‘TOXIC roadworks’ are making life a misery say Leamington residents.
A project to improve and paint the railway bridge has created major traffic disruption along Princes Drive and surrounding roads.
As well as repairs, the £860,000 project aims to give the Network Rail-owned bridge an artistic facelift in time for the Birmingham 2022 Commonwealth Games – with bowls and cycling taking place in Leamington and Warwick in July.
The bridge sits on a major road between Leamington’s Victoria Park, where the Lawn Bowl and Para Bowl events will take place, and Warwick’s St Nicholas Park, which will be the start and finish of the cycling road races. The races will also take in Princes Drive.
But a resident says the traffic lights and one-way system are causing drivers the ‘agony of sitting long, snarling, polluting traffic queues’.
Glenville Williams said: “There is no doubt that these toxic roadworks are causing an absolute nightmare for road users, residents and workers in the affected areas.
“These roadworks have probably negatively encroached on the life of every Leamington resident, from the extra pollution floating around the Parade to the knock on slower traffic on all the roads around the area. One way or another, these toxic roadworks are damaging the quality of people’s lives.”
The works, which began in early January, are expected to last for around another month.
They take place during weekdays and only on occasional weekends. Residents are asking the council to lift the traffic diversions on weekends when work does not take place.
Warwickshire County Counci Green Party leader Jonathan Chilvers is also concerned by the impact of the disruption on residents.

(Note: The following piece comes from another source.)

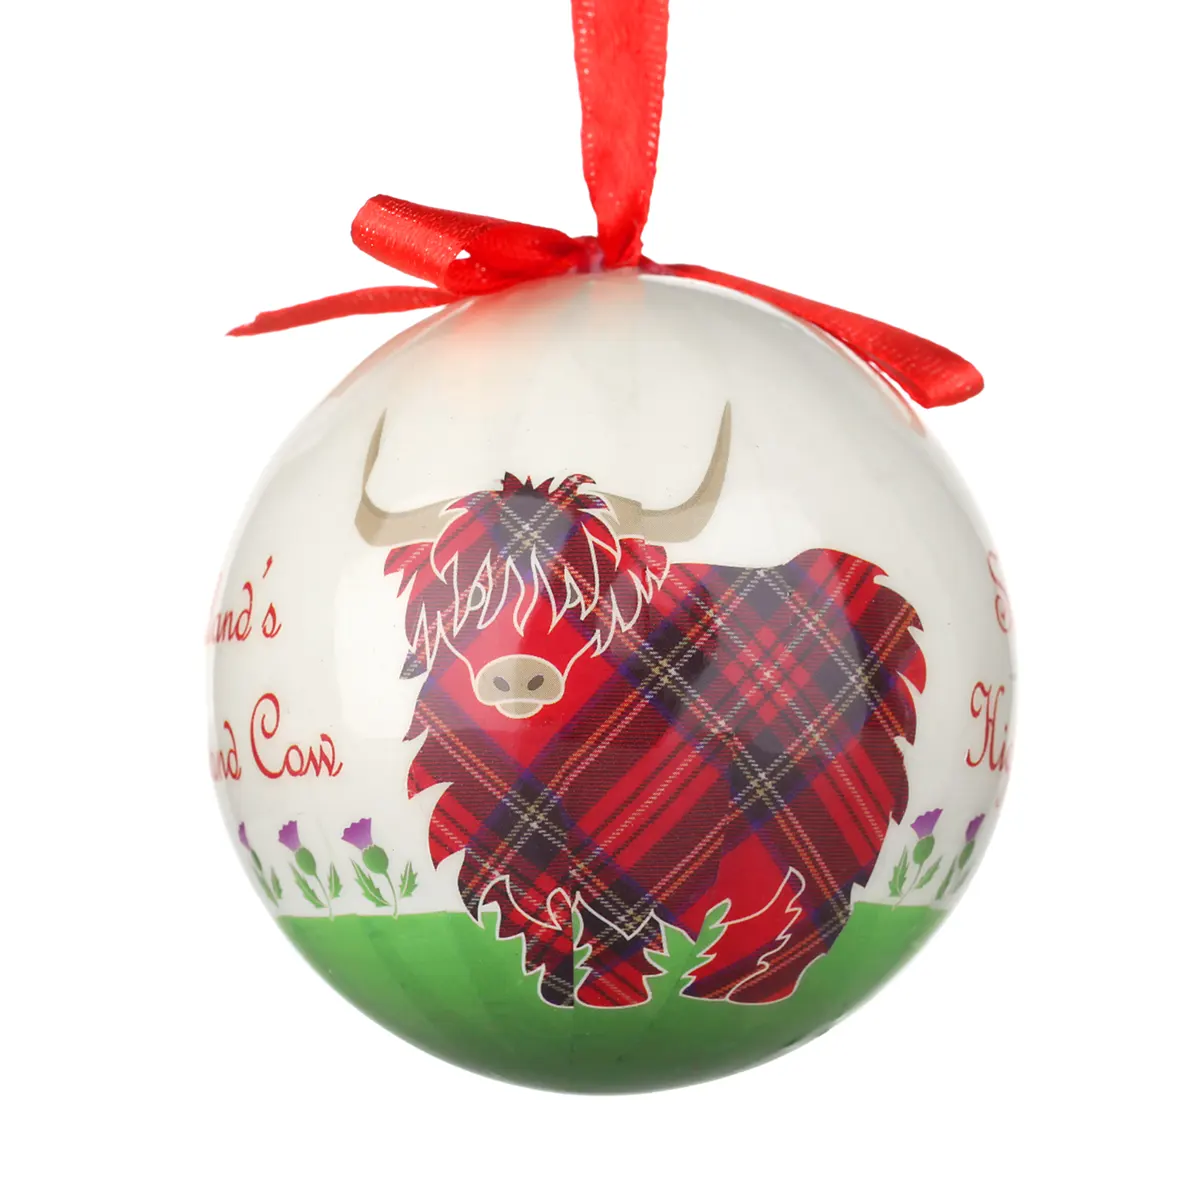 Highland Cow - Traditionell handgefertigte Weihnachtskugel mit schottischem Hochland-Rind
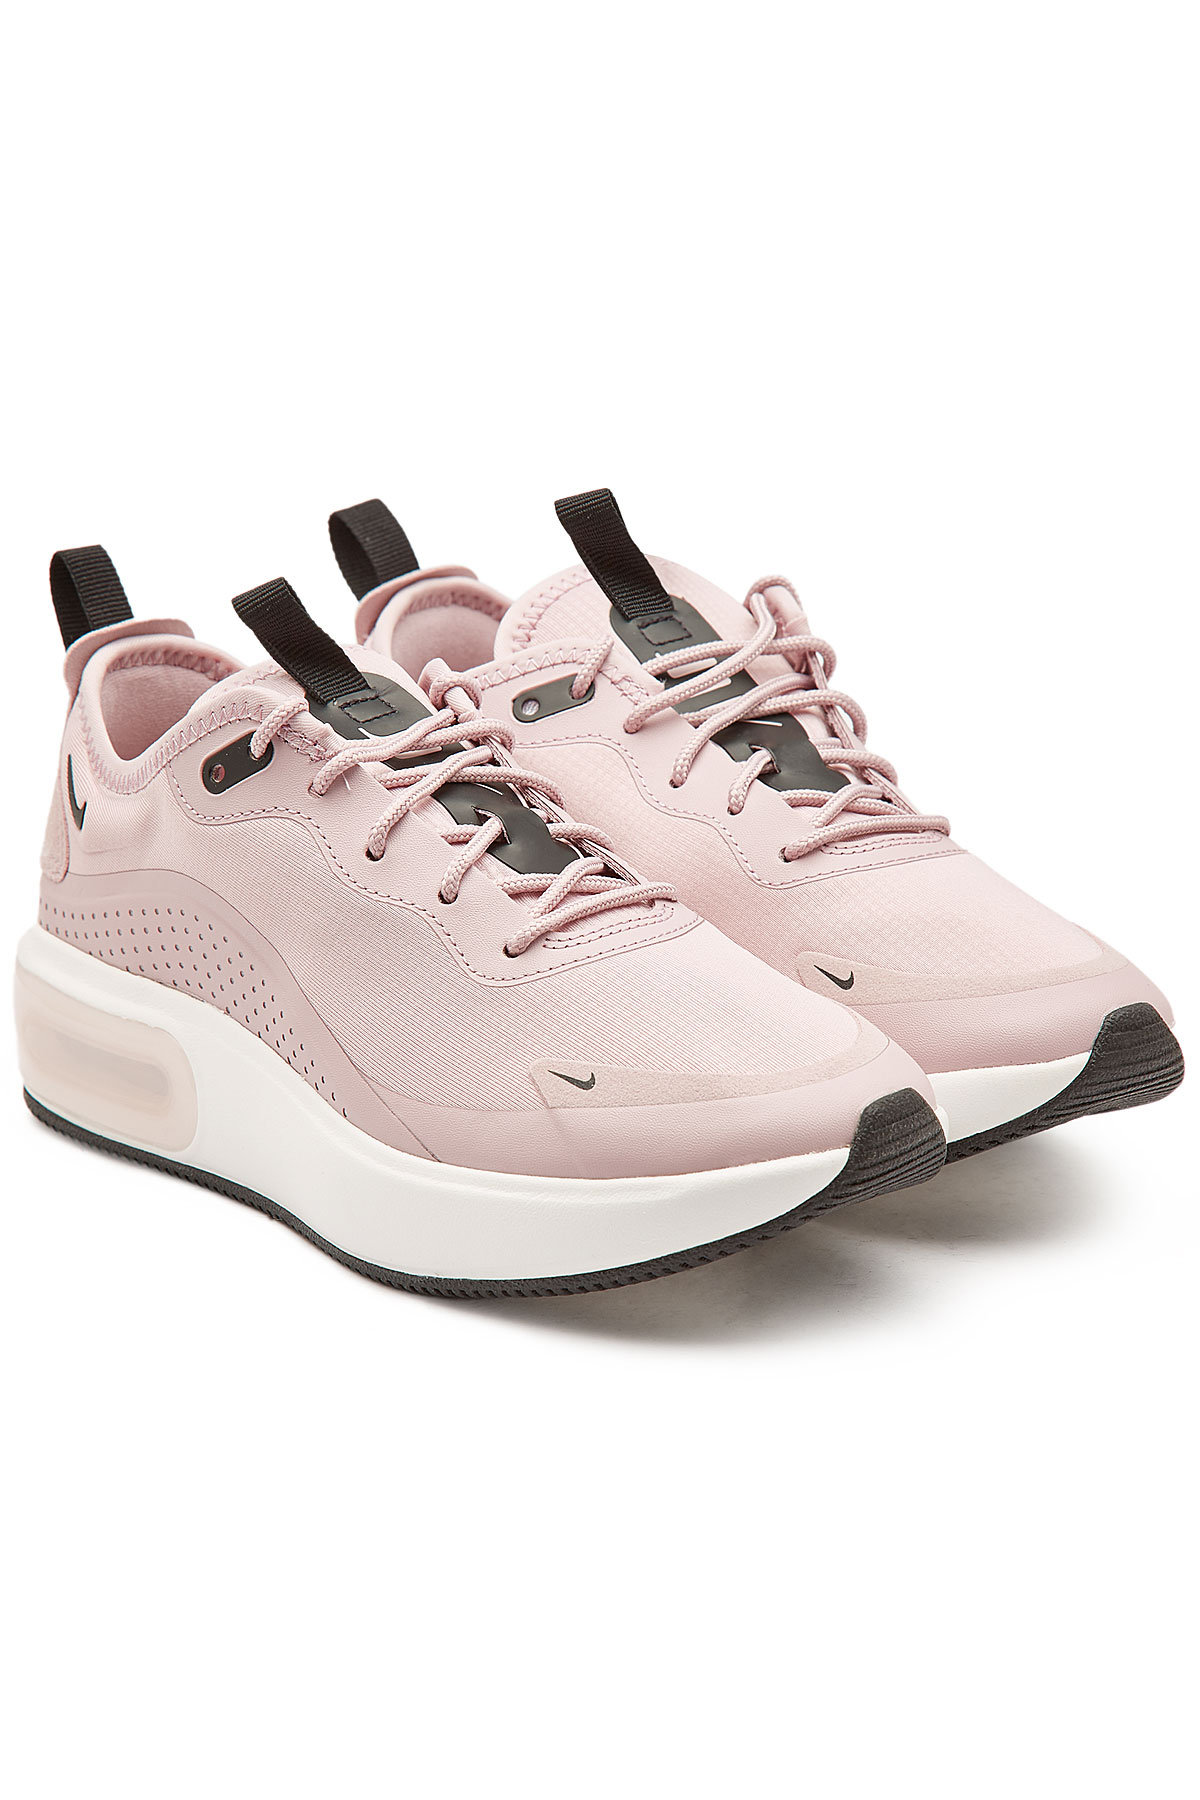 Nike Air Max Dia Sneakers In Pink

He told the Observer: “The work on this bridge does need doing ahead of the Commonwealth Games but, given the huge impact on residents of making a major route one way, I am very frustrated that Network Rail are not pulling out all the stops to get this work finished as soon as possible.
“At the moment there is only work scheduled until 5pm weekdays and occasional at weekends. That’s just not good enough.”
Warwick District Council is contributing some £121,000 to the project from a reserve pot while Network Rail is providing the remaining £740,000.
A petition has also been launched to stop ‘taxpayers’ money’ being used to fund the art project.
Network Rail has been contacted for a response.